OpenAI is still concerned about the malicious use of the model and has implemented some safeguards.
People discovered back doors to trick the model into answering questions it previously refused, mostly by instructing the model to play a role rather than its actual chatbot role.
For example, you can easily trick the model by suggesting ways to make destructive weapons or how to bully someone.
Others have criticized OpenAI’s restrictions, claiming that they censor information excessively.
They claim that the content that OpenAI blocks is already publicly available on the internet, so additional controls are unnecessary.
Both Instruct GPT and ChatGPT were internally updated to GPT-3.5, while Midway Point was updated to their most anticipated GPT 4.
GPT 3.5 contains more data than GPT-3. There are a few things you begin to notice as you progress through this GPT journey.
So far, it appears that increasing the amount of data makes the models more powerful. For months, the models are continuously trained. It’s like sitting in a classroom and continuously absorbing almost all of the internet.
It’s no surprise that the model gets smarter and smarter over time. You can see why everyone is excited about the upcoming GPT 4 which leads us to the next point.
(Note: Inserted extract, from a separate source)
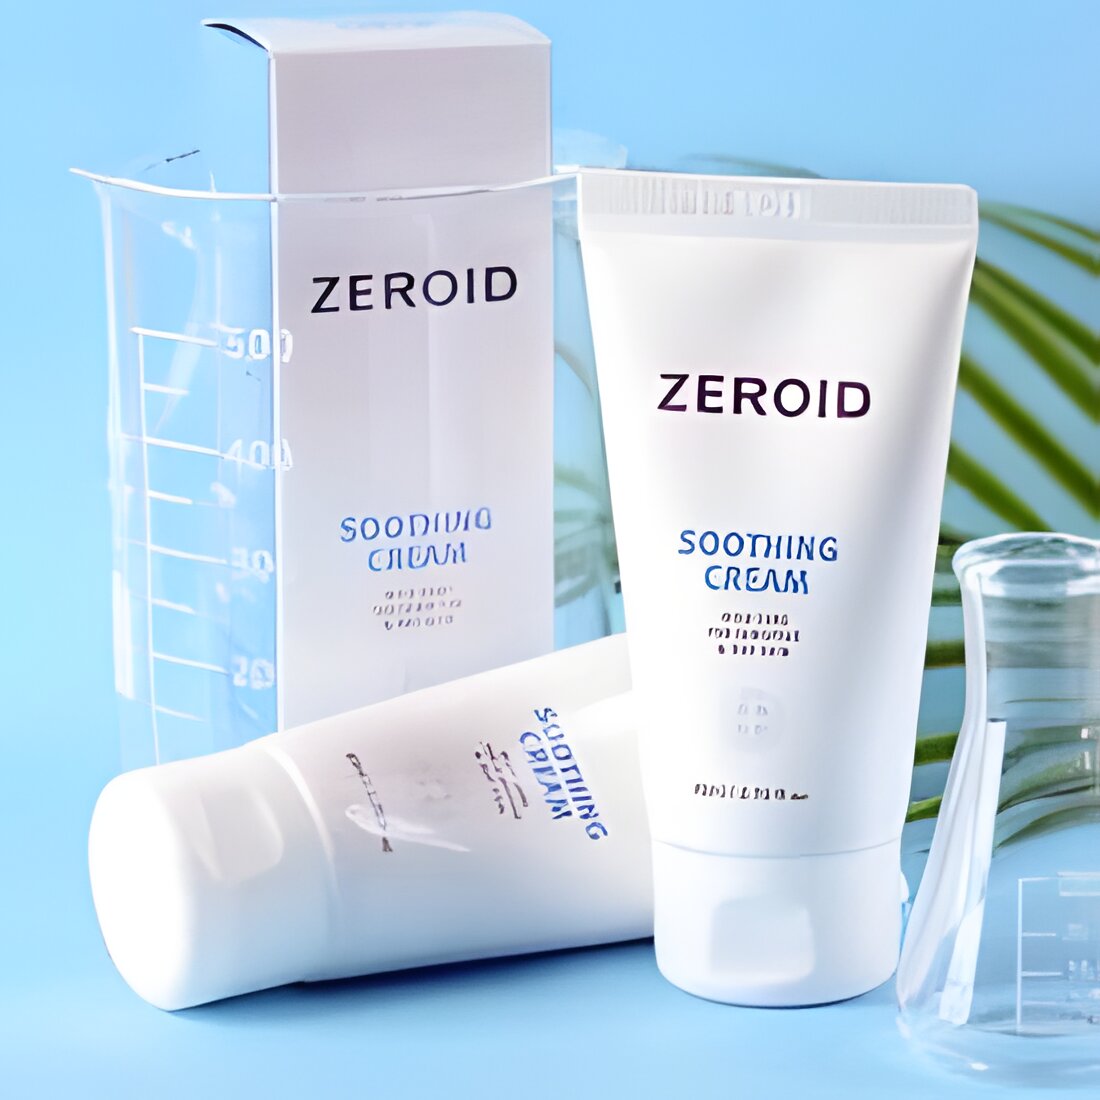 Free ZEROID Soothing Cream

There has been a lot of speculation about what to expect from GPT 4 which is to be the most powerful of the GPT models.
According to rumors, the GPT-4 model will have 100 trillion parameters, a significant increase over GPT-3.
When asked about it, however, CEO Sam Altman denied it in the interview below.
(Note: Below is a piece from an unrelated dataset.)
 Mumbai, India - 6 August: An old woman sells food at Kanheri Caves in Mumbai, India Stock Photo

DeepMind’s paper on scaling laws may have contributed to this shift in emphasis away from parameter size. The study discovered that having an adequate parameter size but much more data yields comparable results at a lower cost. As a result, having large parameter sizes is not always the best option.
GPT 4 may not have 100 trillion parameters, but it will undoubtedly have more than GPT-3. If GPT-4 is to GPT-3 as GPT-3 was to GPT-2, then buckle up because we’re in for a wild ride.
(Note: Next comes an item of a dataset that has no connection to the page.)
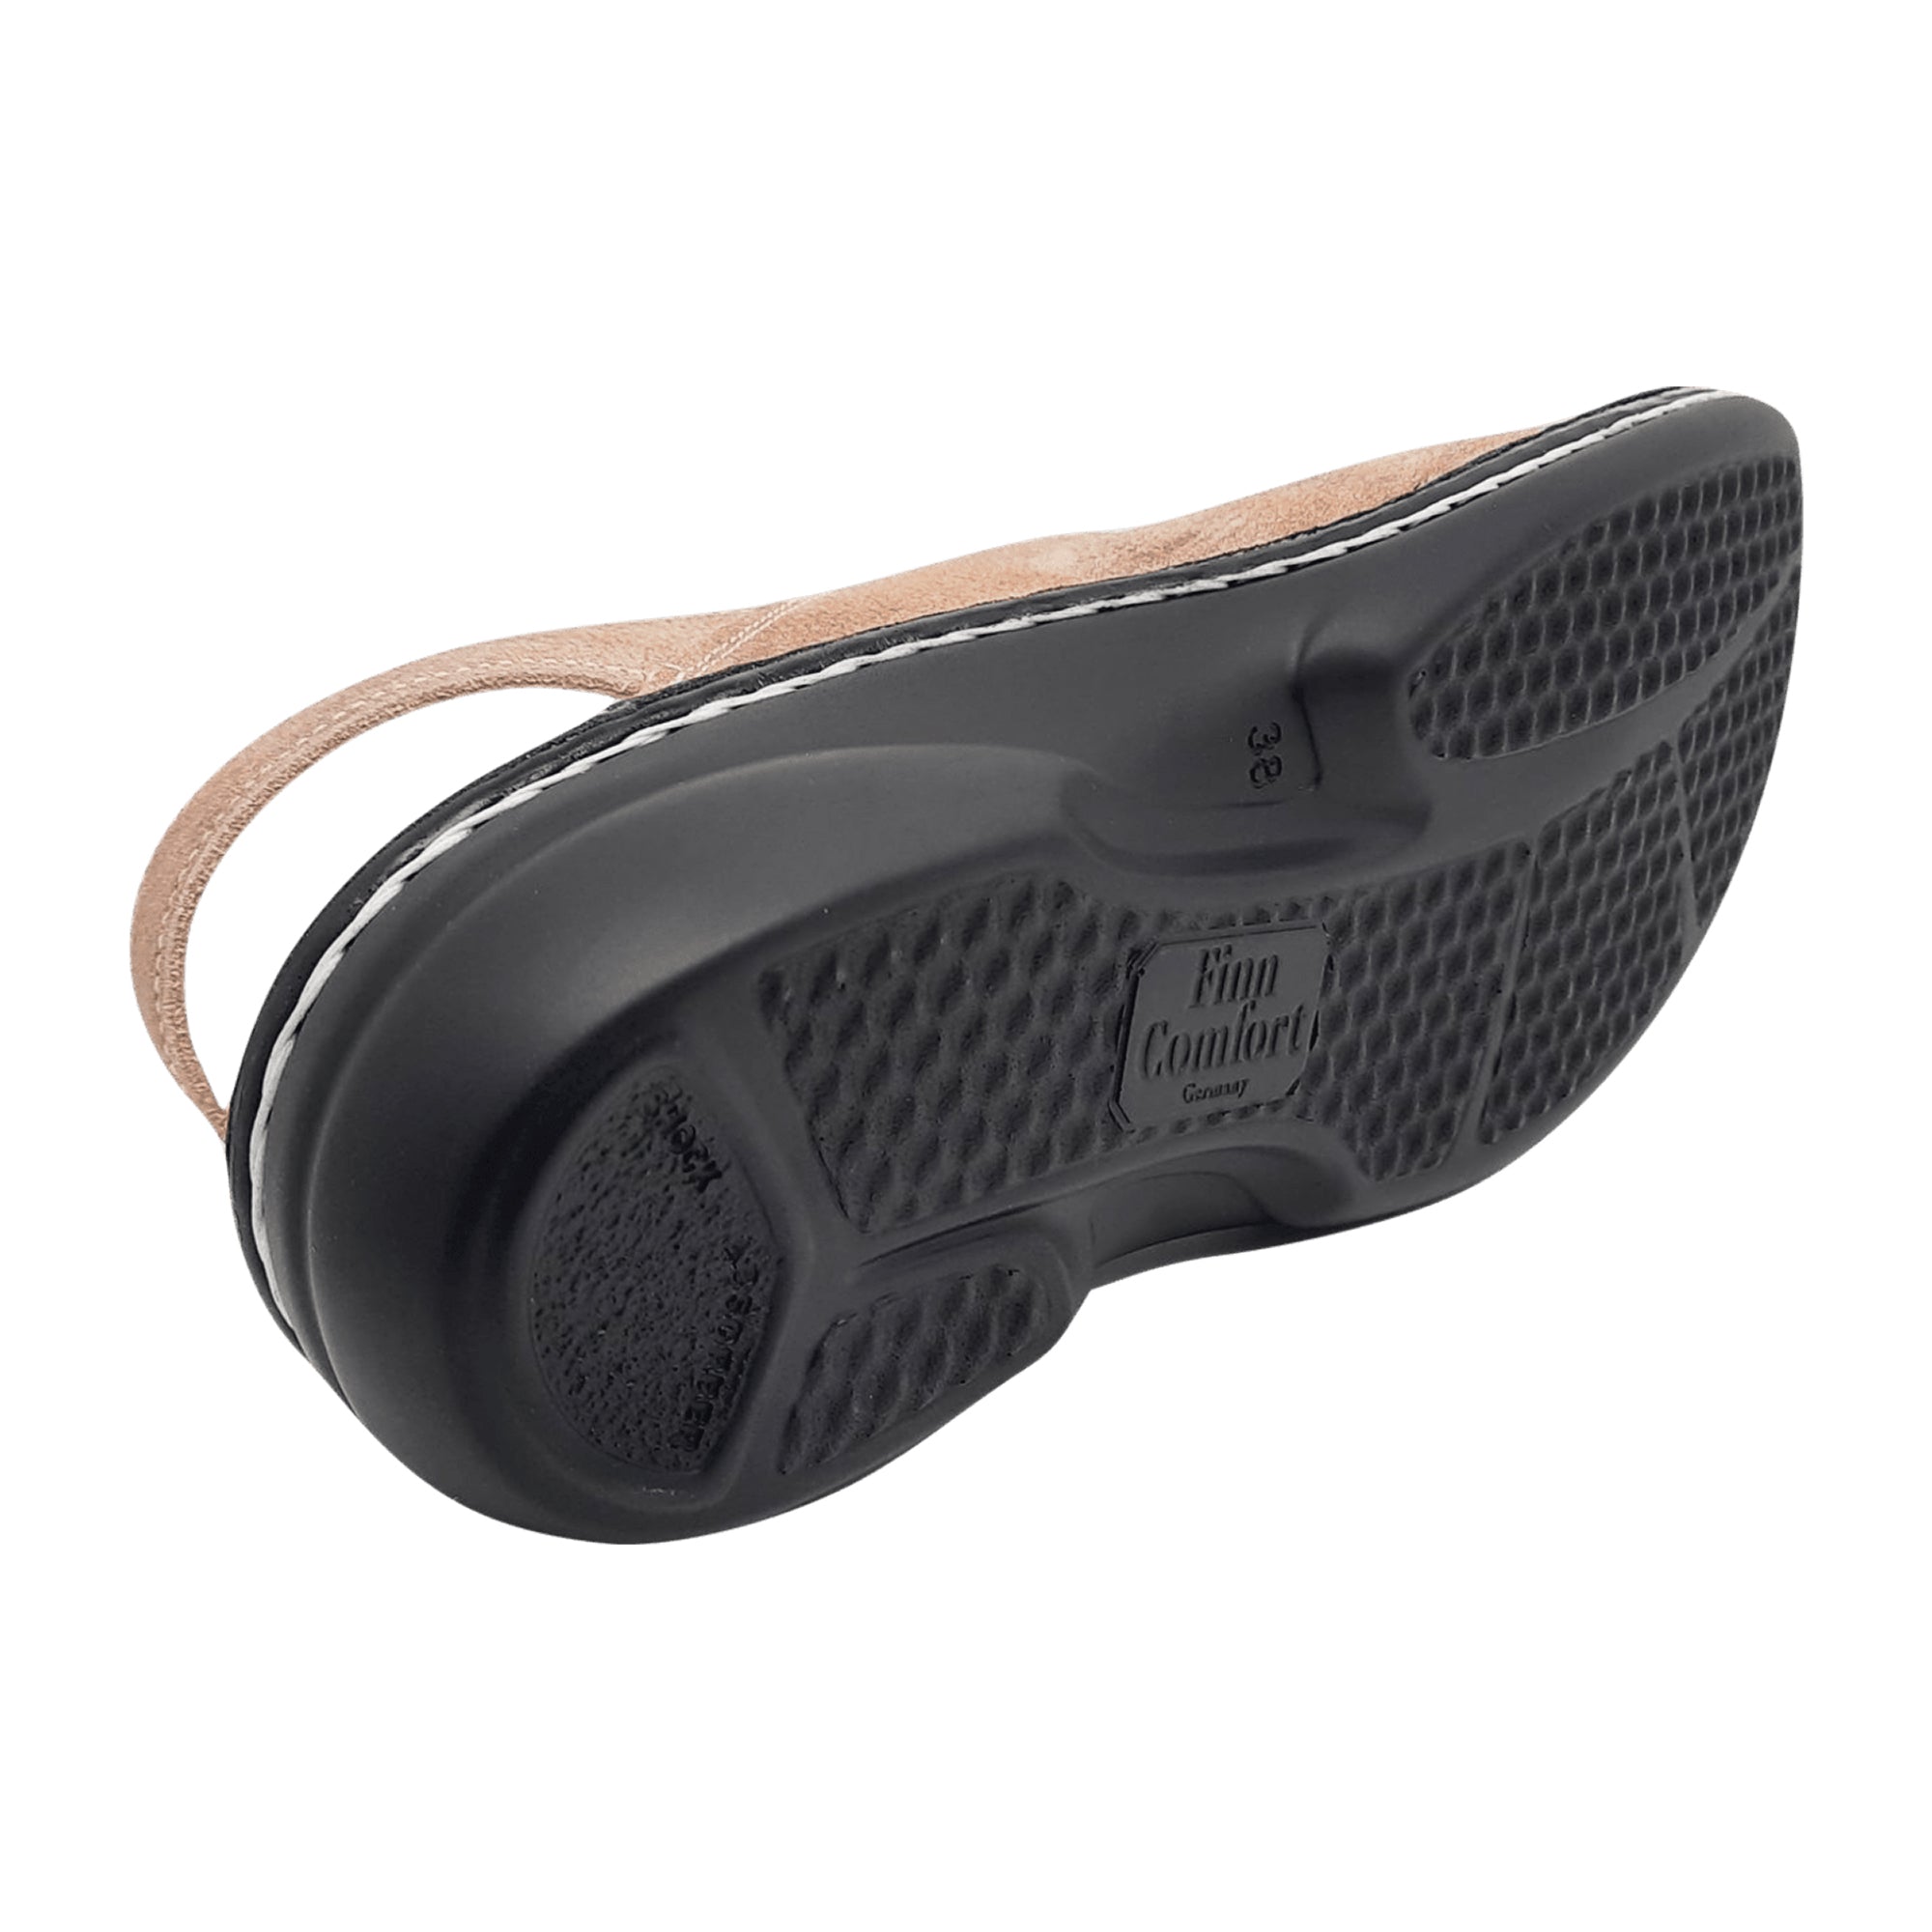 Finn Comfort SALONIKI Women's Comfort Sandals - Chic Brown Leather

OpenAI issued NDAs to anyone with knowledge of GPT 4, fueling further speculation. Some of the rumours could be true. We are certain, however, that this model will be fascinating.
As some have discovered by jailbreaking the system, Open AI appears to have purposefully limited internet access for ChatGPT.
If the GPT 4 chat version has internet access, it will vastly improve the model and make it more useful.
Currently, ChatGPT is unable to provide answers for any news past 2021.
GPT 4 will be more factual and may produce even longer text outputs than ChatGPT, allowing you to write longer text articles and write more accurate cod.
Prepare for GPT-4, which will most likely take the world by storm in the same way that ChatGPT did, if not more.
We’ll have to wait and see if they stand the test of time.
OpenAI AGI (General Artificial Intelligence)
There has been much speculation about the coming of AGI, and OpenAI claims to be working on it. AGI is the theory that AI will one day achieve human-level abilities and possibly surpass us.
Open AI is concerned that if we do not closely monitor AI and, eventually, AGI, things will quickly spiral out of control.
Given the facts that we have right now, it is difficult to rule out the possibility of general intelligence occurring in the near future. AGI is something that everyone has a slightly different perspective on. Again, for many of us, it’s a very intuitive thing. We are all intelligent creatures.
We believe we have a basic understanding of what intelligence is. But really defining it is another matter. You are aware that the OpenAI definition is highly autonomous systems that outperform humans in the most economically valuable work.
GPT Models Final Words
In conclusion, OpenAI’s GPT models have been at the forefront of artificial intelligence research and development, pushing the boundaries of what is possible in the field of language processing and generation.
The GPT series of models, including GPT, GPT-2, GPT-3, InstructGPT, ChatGPT, and the upcoming GPT-4, have the potential to revolutionize industries such as customer service, content creation, and natural language understanding.
Thank you for taking the time to read this article.